Date of Award

Spring 1-1-2011

Document Type

Dissertation

Degree Name

Doctor of Philosophy (PhD)

Department

English

First Advisor

Jeremy Green

Second Advisor

Karen Jacobs

Third Advisor

Julie Carr

Abstract

Writing the Disasters: The Messianic Turn in Postwar American Poetry looks at how postwar avant-garde poets adopt Jewish textual tropes in their search for forms capable of regenerating the ruins of language after the catastrophe of Auschwitz. This study will show how three major postwar poets, George Oppen, Michael Palmer, and Rachel Blau DuPlessis, employ these tropes to critique the culture of disaster, from the Holocaust to the Cold War's perpetual state of emergency. Working within the Objectivist tradition of adherence to things through rigorous perception, each poet stakes his or her claim for radical form's ethical engagement with history as outlined by Theodor Adorno's call for a new categorical imperative after Auschwitz: nothing less than the interruption of the hypnotic spell wrought by the homogeneity of everyday speech and kept intact by the logic of the disaster.

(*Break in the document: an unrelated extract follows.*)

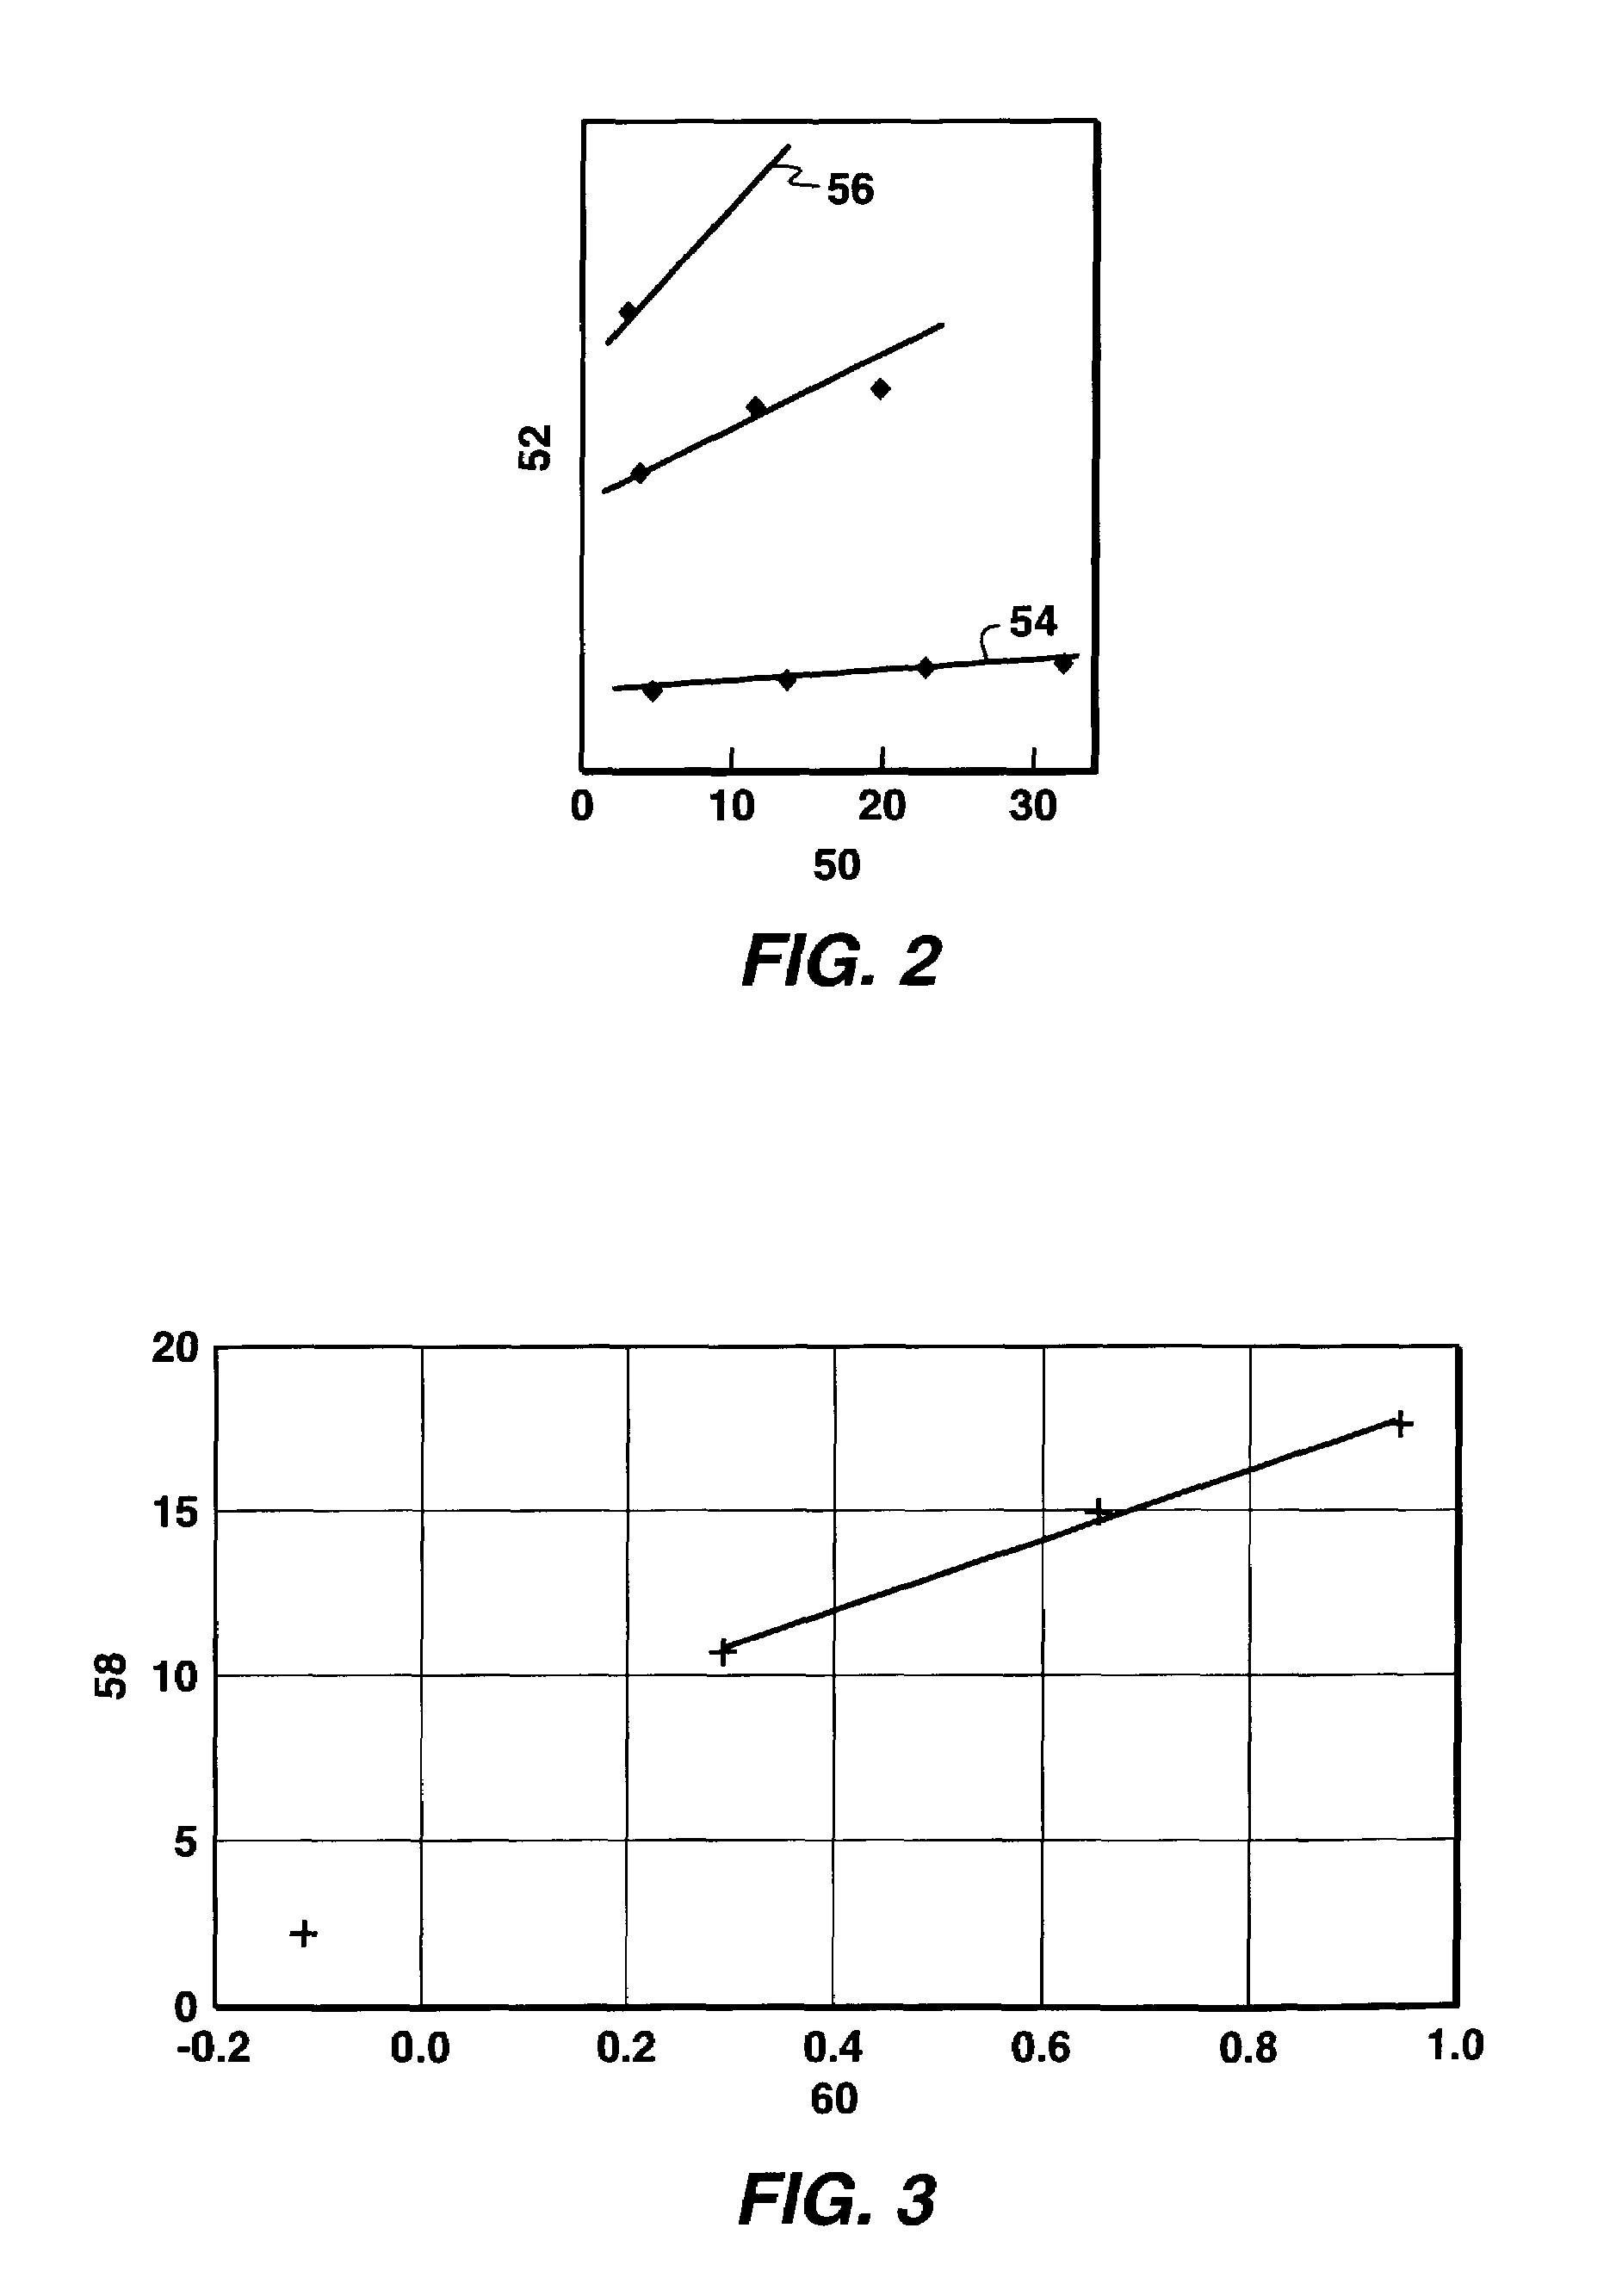 Method for borehole measurement of formation properties

Though it encompasses many varieties of Jewish textuality, I name this moment the messianic turn in order to emphasize its interventional character. By interrupting the regulatory surface of poetry's reifying subjectivist modes, these poets attack cultural amnesia at the level of language. Walter Benjamin's advocacy of a messianic cessation of happening that can awaken awareness from the dream world of commodity culture is mapped onto the Objectivist principle of sincerity: the poem as a process for thinking within the act of perception, resulting in the liberation of repressed potential and the affirmation of difference. What Jewish textuality provides are models of interruption drawn from Talmudic practice: disruption, deferral, negation, and re-interrogation. These strategies are joined to Objectivist procedures of seriality, parataxis, and caesura to unsettle language's customary drive to closure.

My reading of Oppen's late work, such as Myth of the Blaze, demonstrates how he writes historical disaster through a constellated serial structure that prioritizes the provisional aspects of meaning, guarding its fragile and contingent status as a site for alterity. Likewise, Palmer's poetry in Sun and At Passages places a dissipating pressure on language in order to let the historical trauma of the Cold War speak through the Talmudic figure of the burnt book. And in Drafts, DuPlessis probes the complicated legacy of Poundian modernism through a midrashic poetics that dynamically subverts postwar culture's masculine discourse of power. By fashioning such self-interrupting texts, all three poets recover language by pushing it into deeper estrangement.